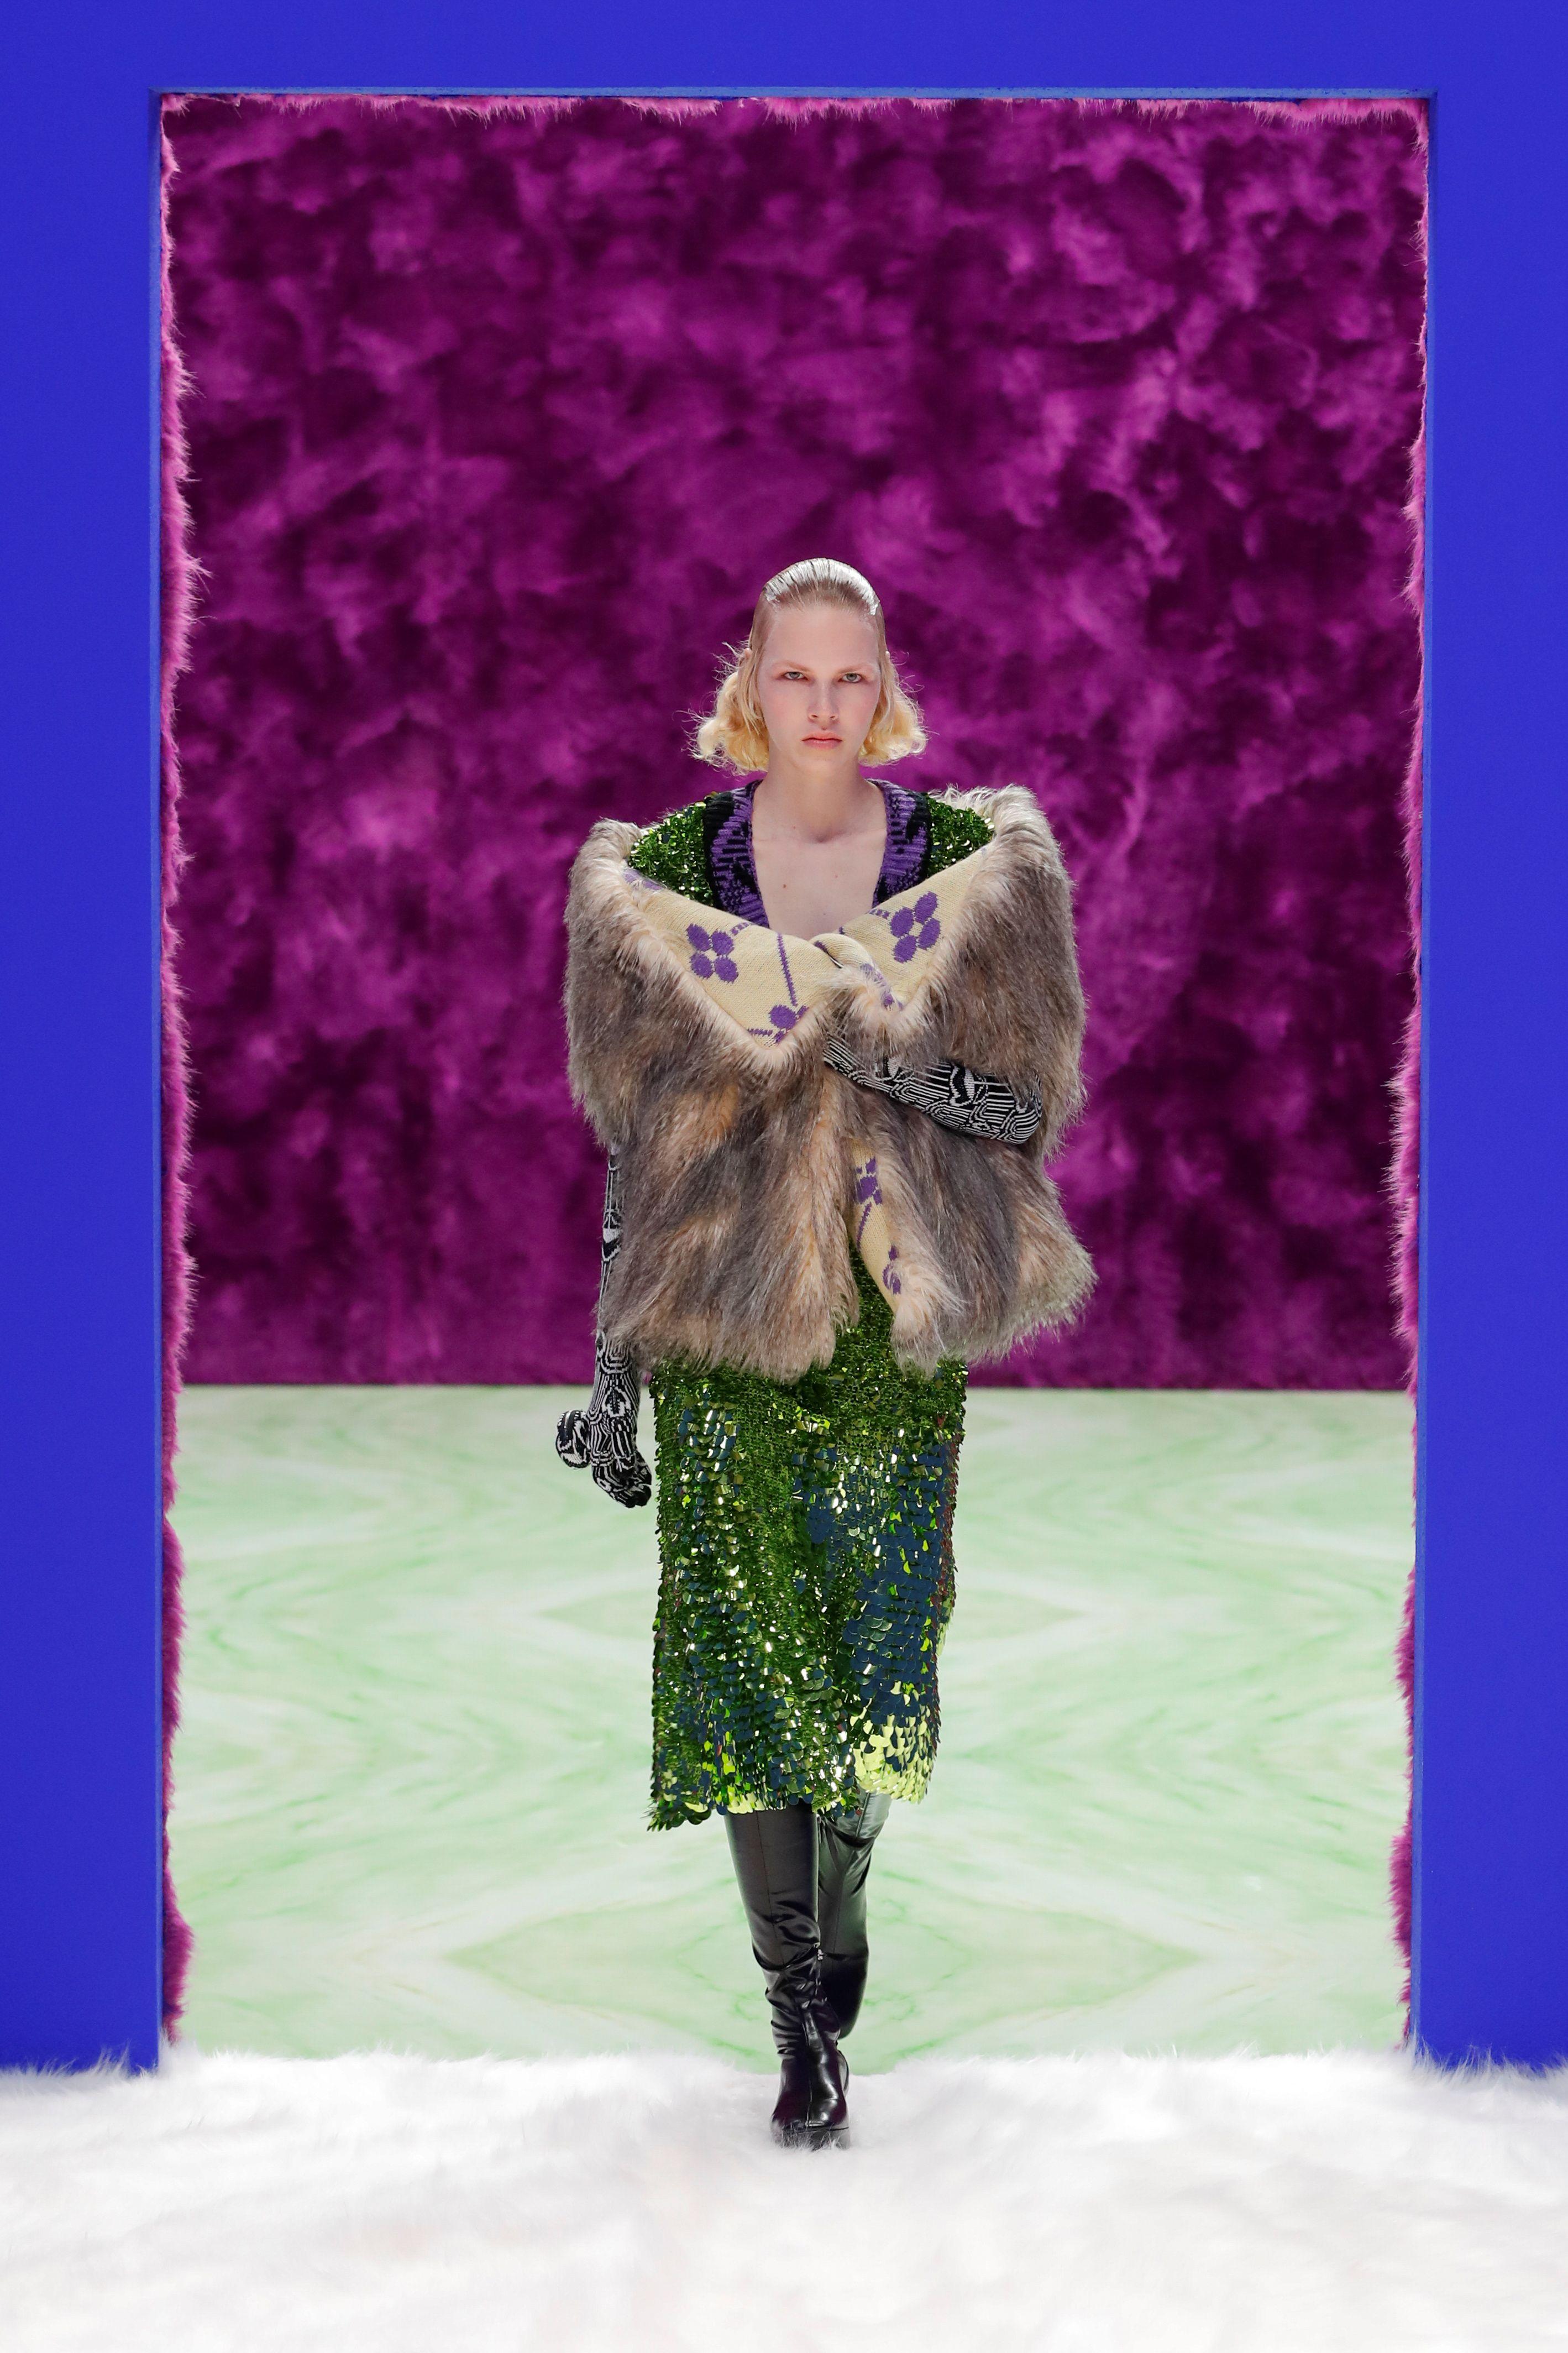 Prada en Milan Fashion Week. Primera colección de la marca italiana con la dupla creativa de Raf Simons y Miuccia Prada. Tapados de piel oversized, vestidos bordados y botas de caña alta como protagonistas en los looks de invierno 2021-2022
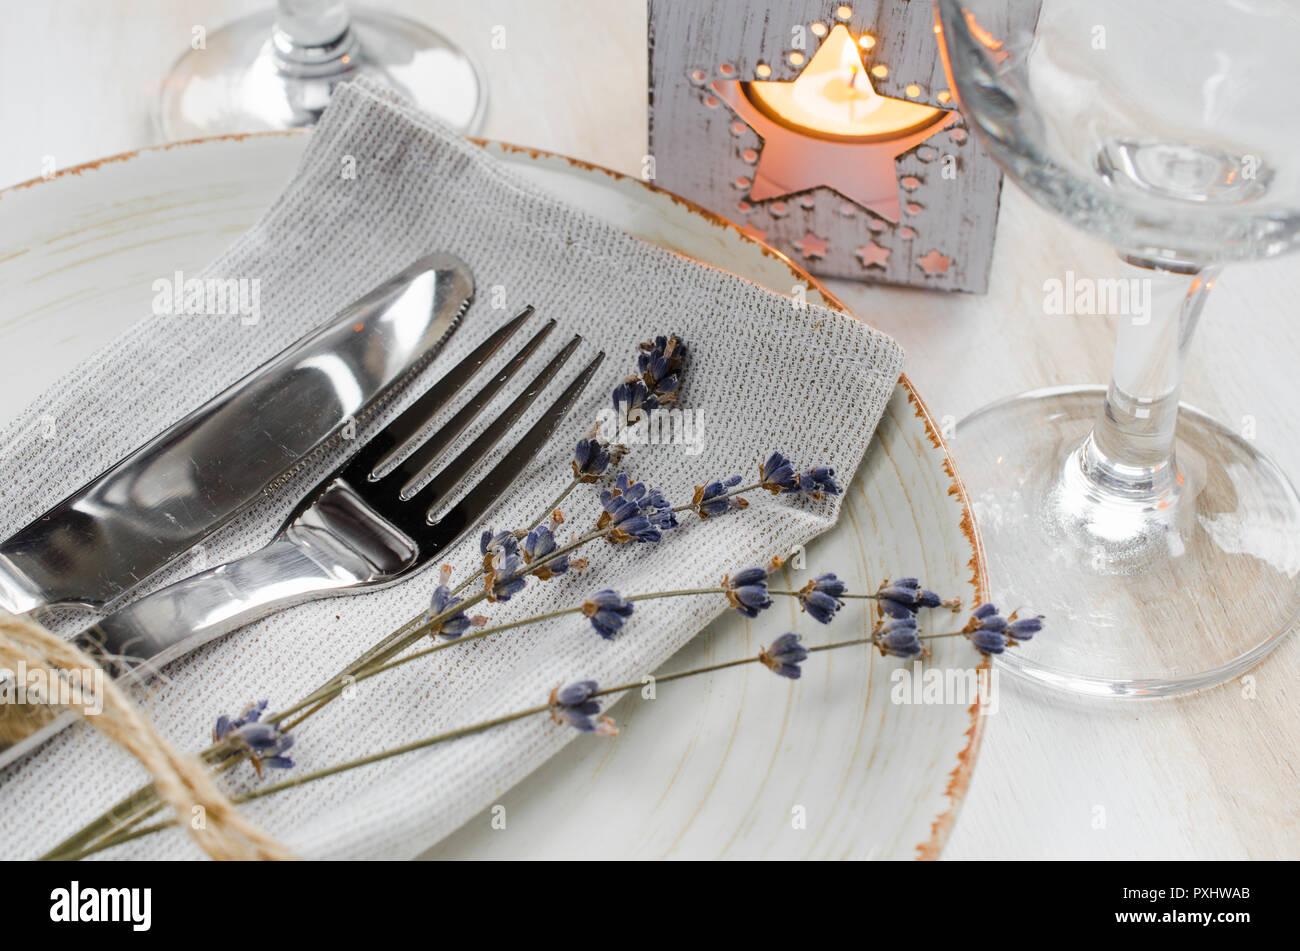 Festliche Tischdekoration Im Vintage Oder Stil Der Provence Mit
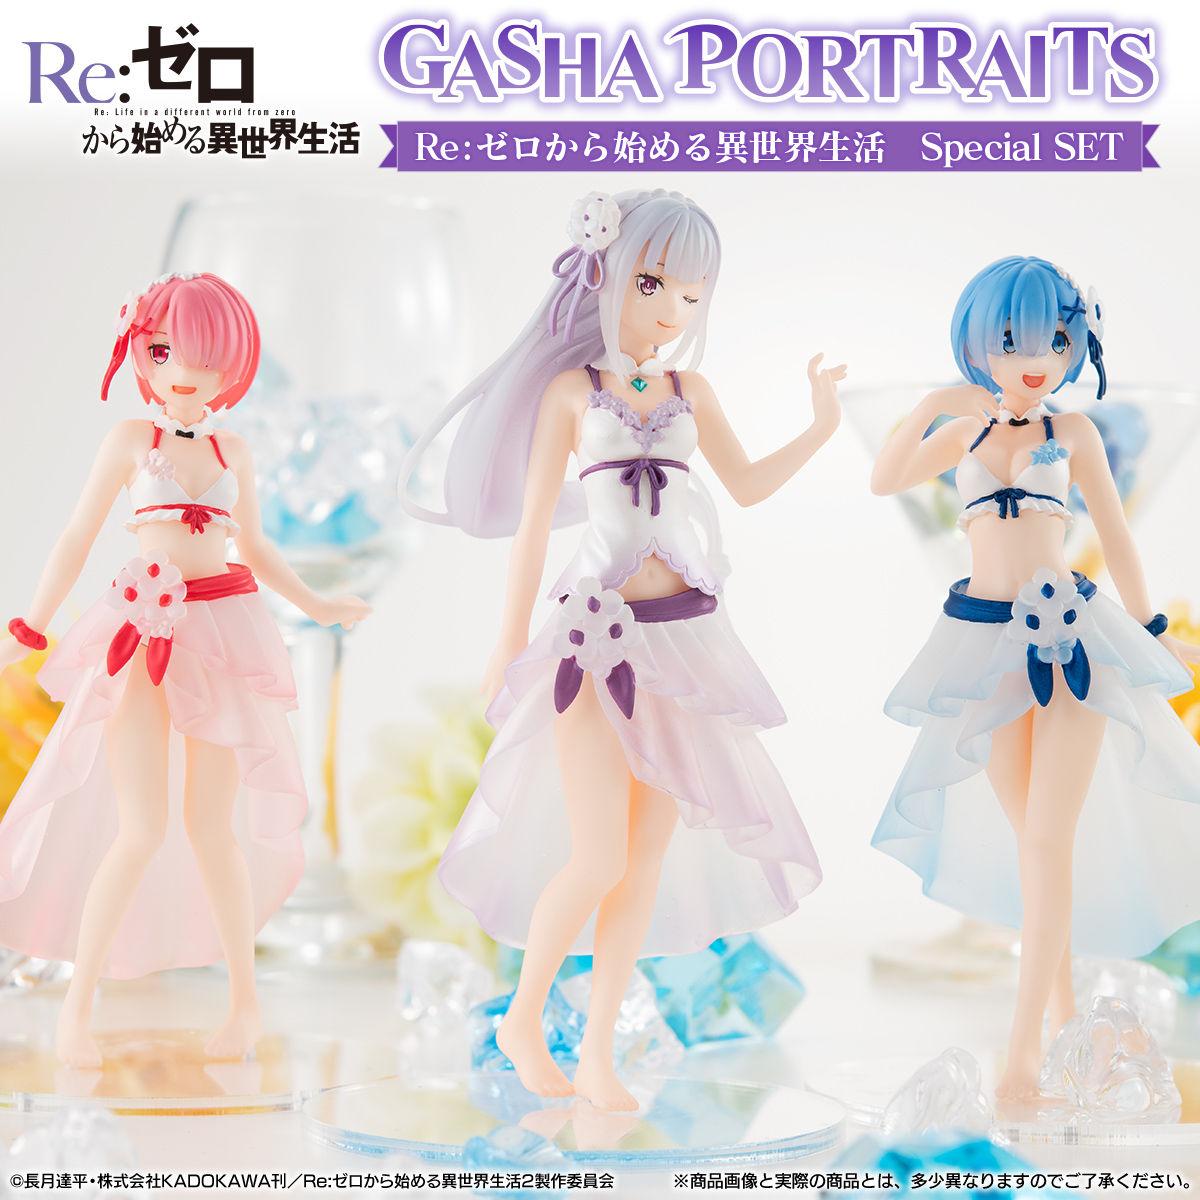 【限定販売】リゼロ『GASHA PORTRAITS Re:ゼロから始める異世界生活 Special SET』美少女フィギュア3体セット-001
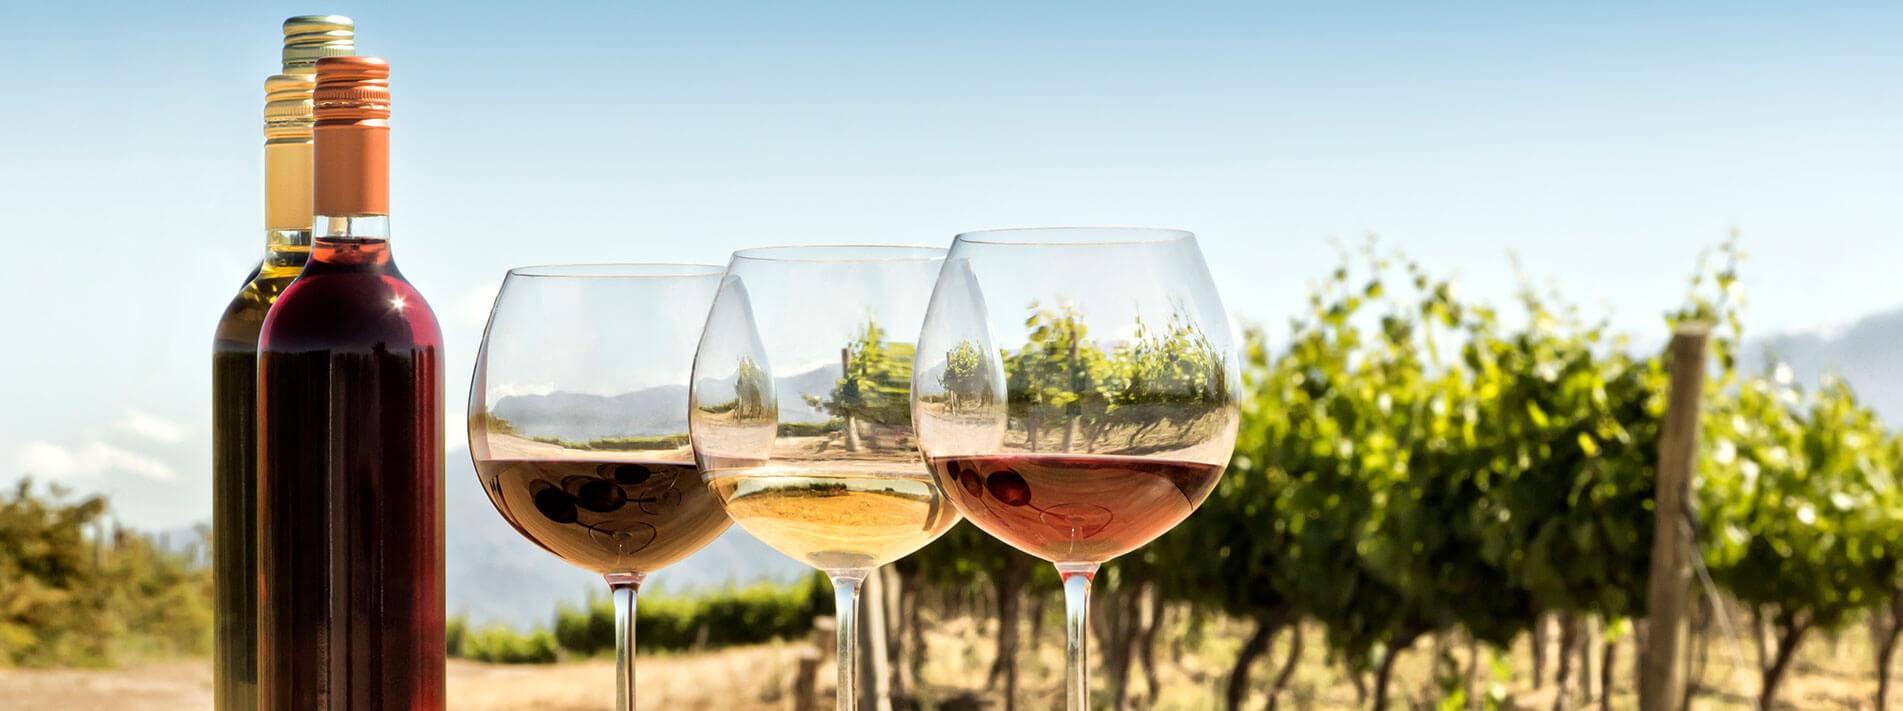 https://www.gateways-international.com/wp-content/uploads/2020/01/2020-Hero-Main-Culinary-Wine-TM.jpg

- **WHAT THIS TASK INVOLVES**
Send back the data above word for word, with the pictures left out.

- **SOLUTION FOR THIS EXERCISE**
 Prada en Milan Fashion Week. Primera colección de la marca italiana con la dupla creativa de Raf Simons y Miuccia Prada. Tapados de piel oversized, vestidos bordados y botas de caña alta como protagonistas en los looks de invierno 2021-2022
 Festliche Tischdekoration Im Vintage Oder Stil Der Provence Mit
 【限定販売】リゼロ『GASHA PORTRAITS Re:ゼロから始める異世界生活 Special SET』美少女フィギュア3体セット-001
 https://www.gateways-international.com/wp-content/uploads/2020/01/2020-Hero-Main-Culinary-Wine-TM.jpg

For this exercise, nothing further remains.